**Exercise aim**
Produce the lines from the one containing "Gold filled empaths" through the end of the material exactly as they appear, both ends included, and leave the pictures out.

**Data section**
---

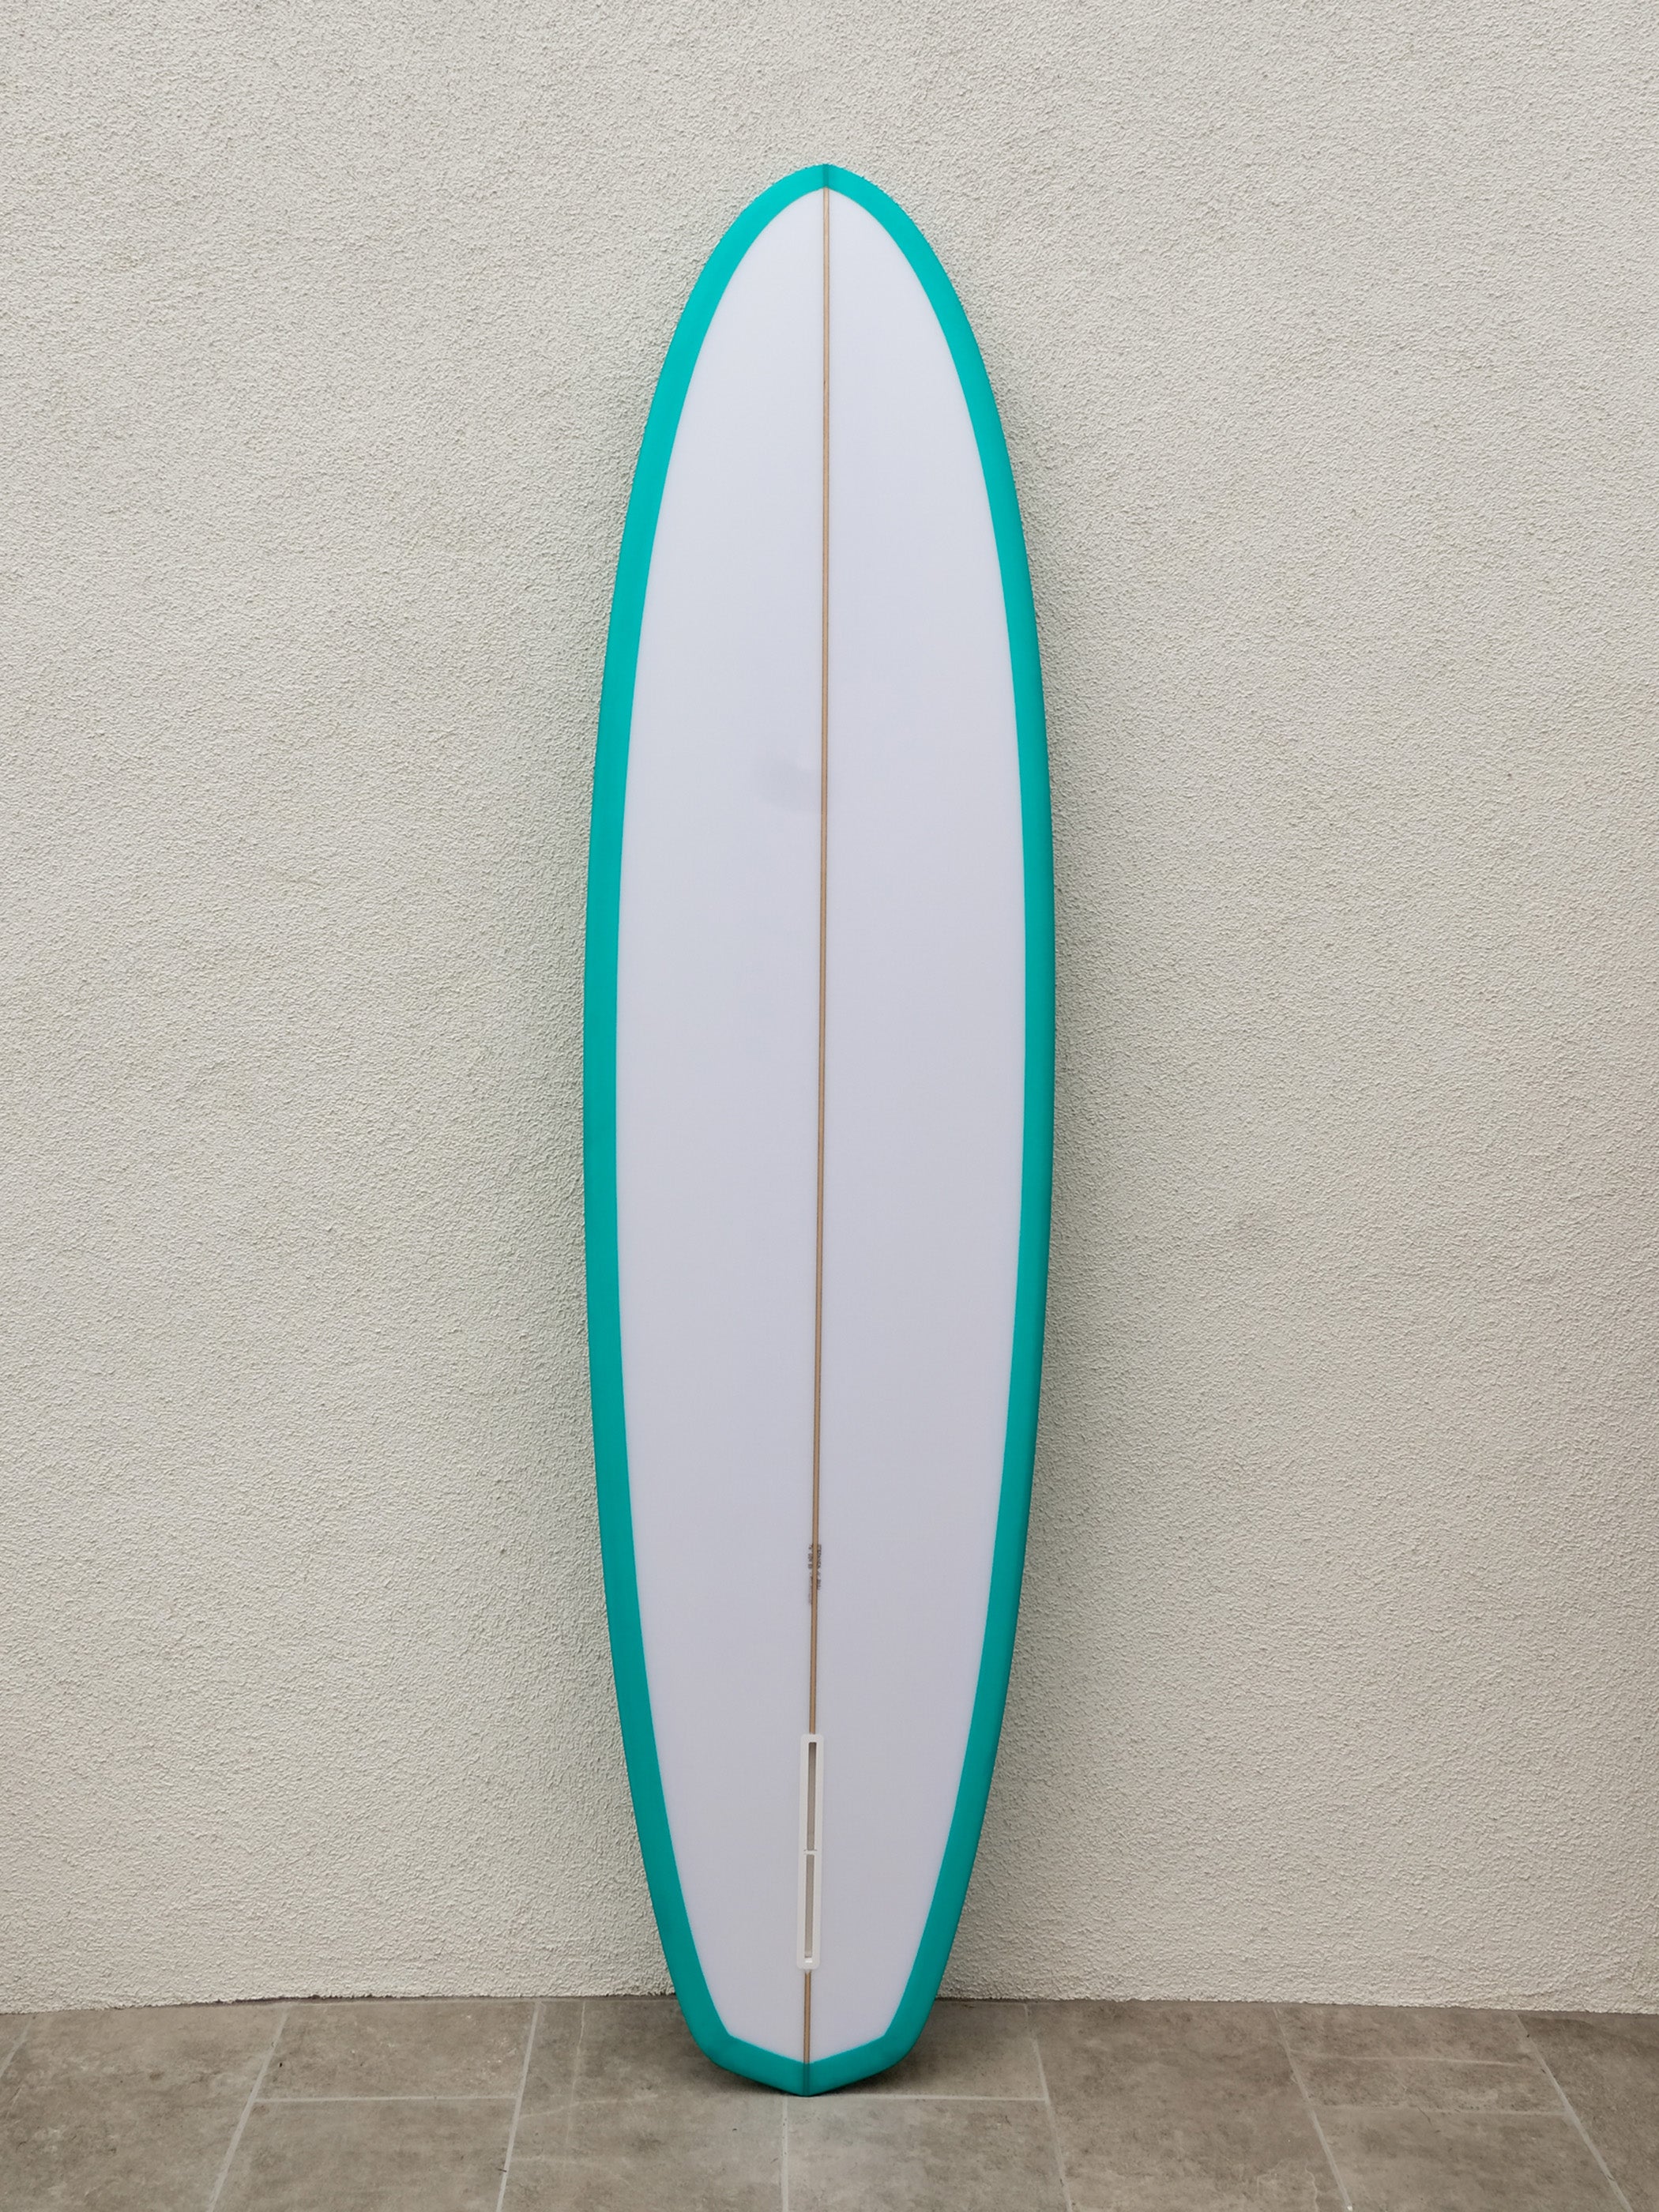 STPNK | Gen Ed 7’6” Turquoise Blue Surfboard
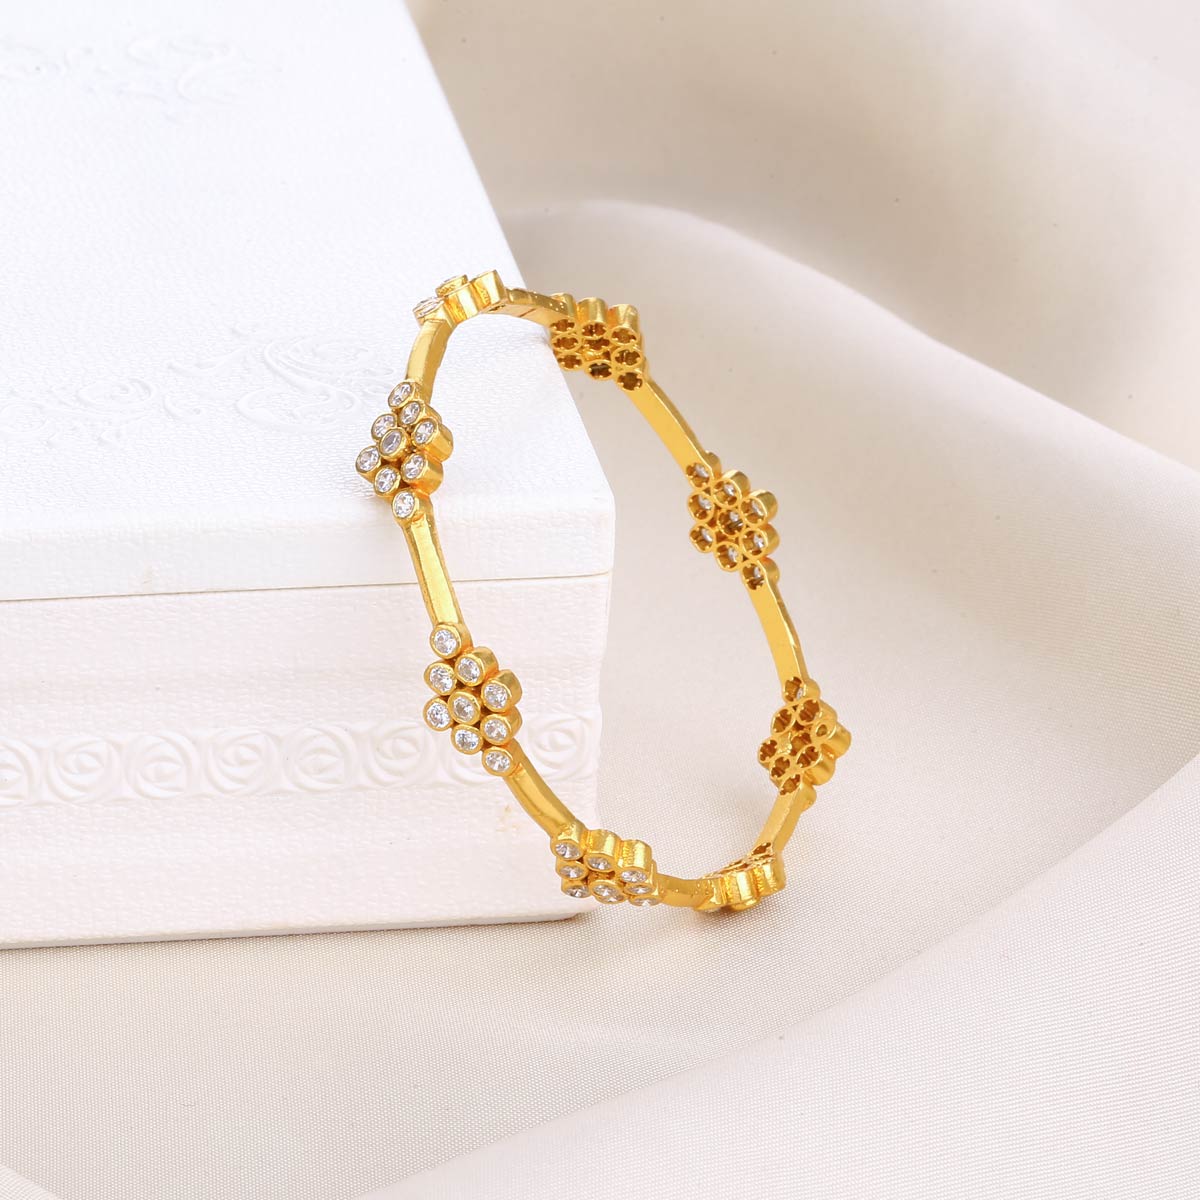 Gold filled empaths protection gemstone bracelet - NicteShop
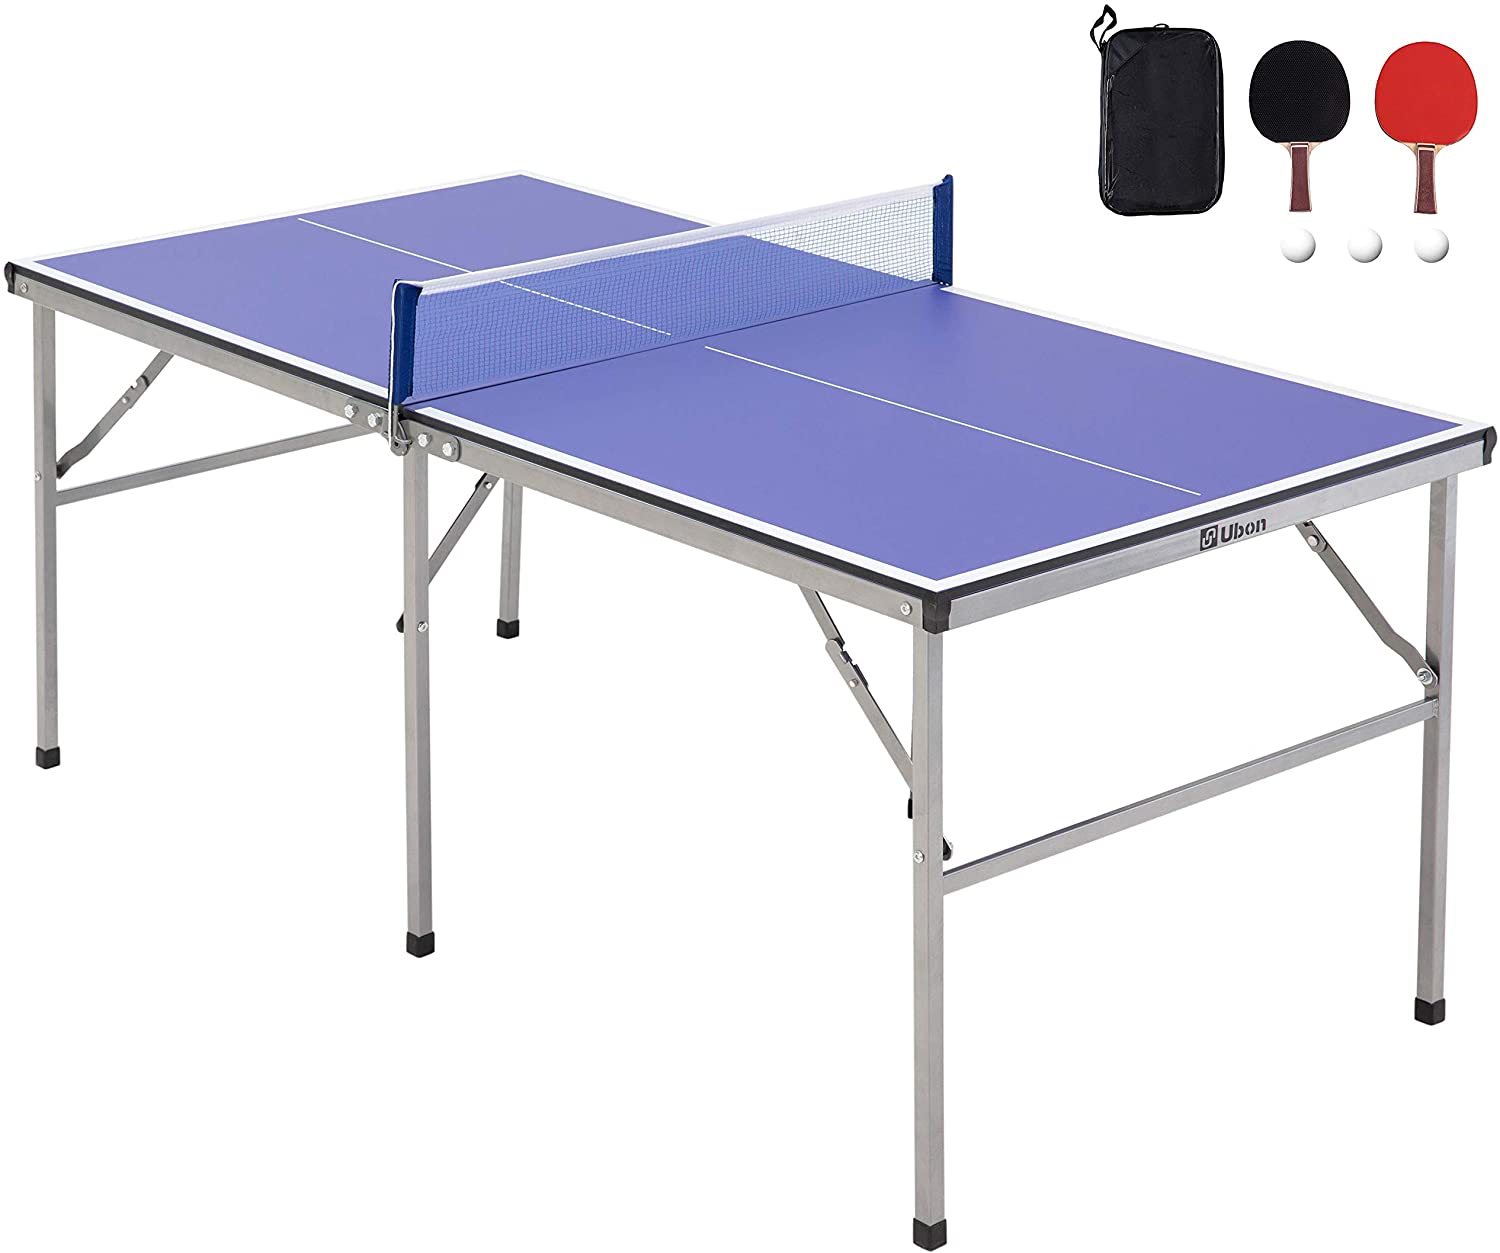 Torneo invite стол теннисный. Sunflex Outdoor 105 теннисный стол. Стол теннисный 61020. Мини стол для настольного тенниса Torneo.
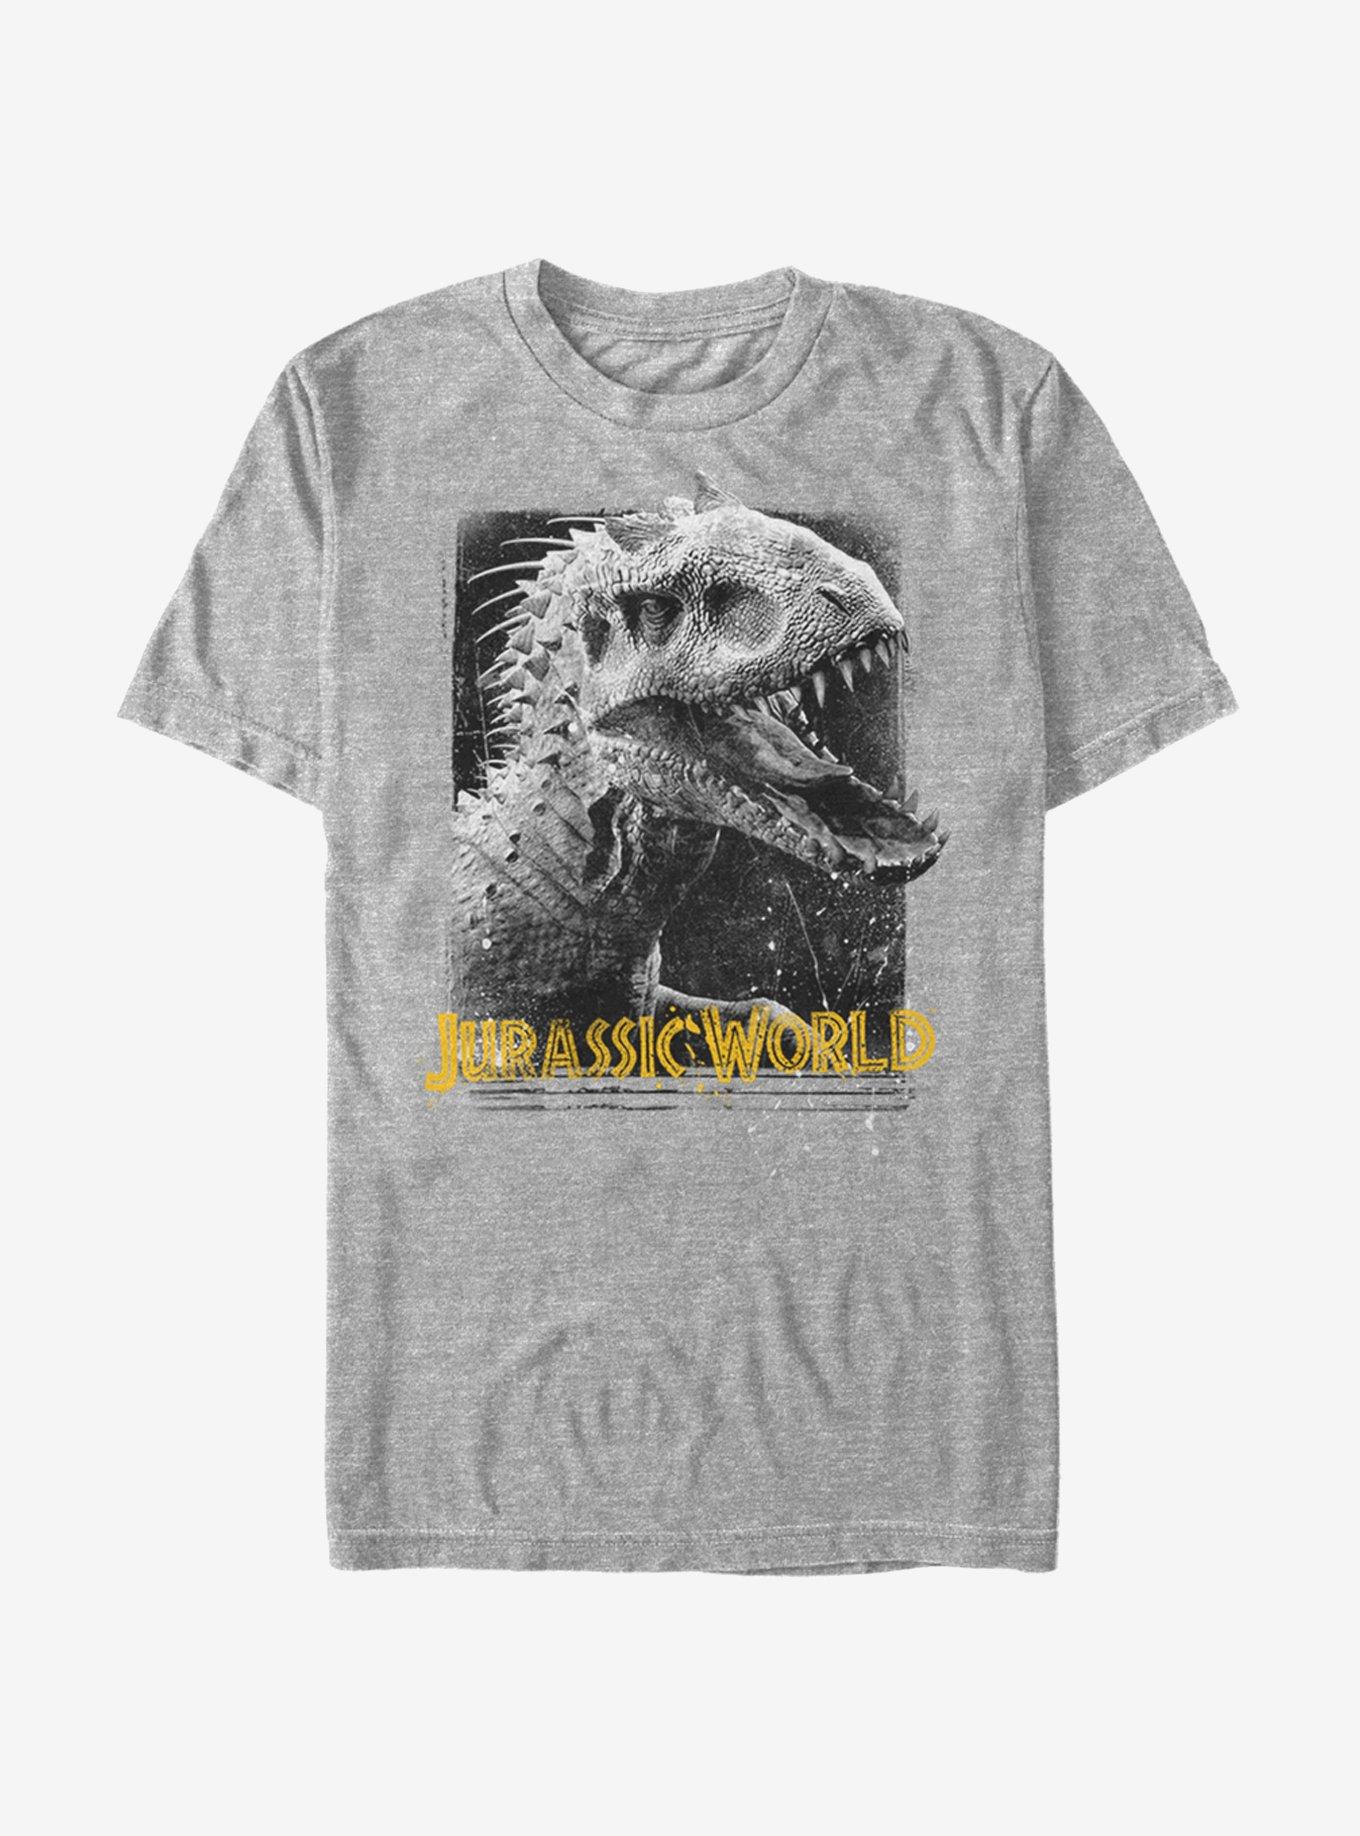 Hot Topic Jurassic World Indominus Rex T-Shirt | CoolSprings Galleria

---

**Reply**
 Gold filled empaths protection gemstone bracelet - NicteShop
 Torneo invite стол теннисный. Sunflex Outdoor 105 теннисный стол. Стол теннисный 61020. Мини стол для настольного тенниса Torneo.
 Hot Topic Jurassic World Indominus Rex T-Shirt | CoolSprings Galleria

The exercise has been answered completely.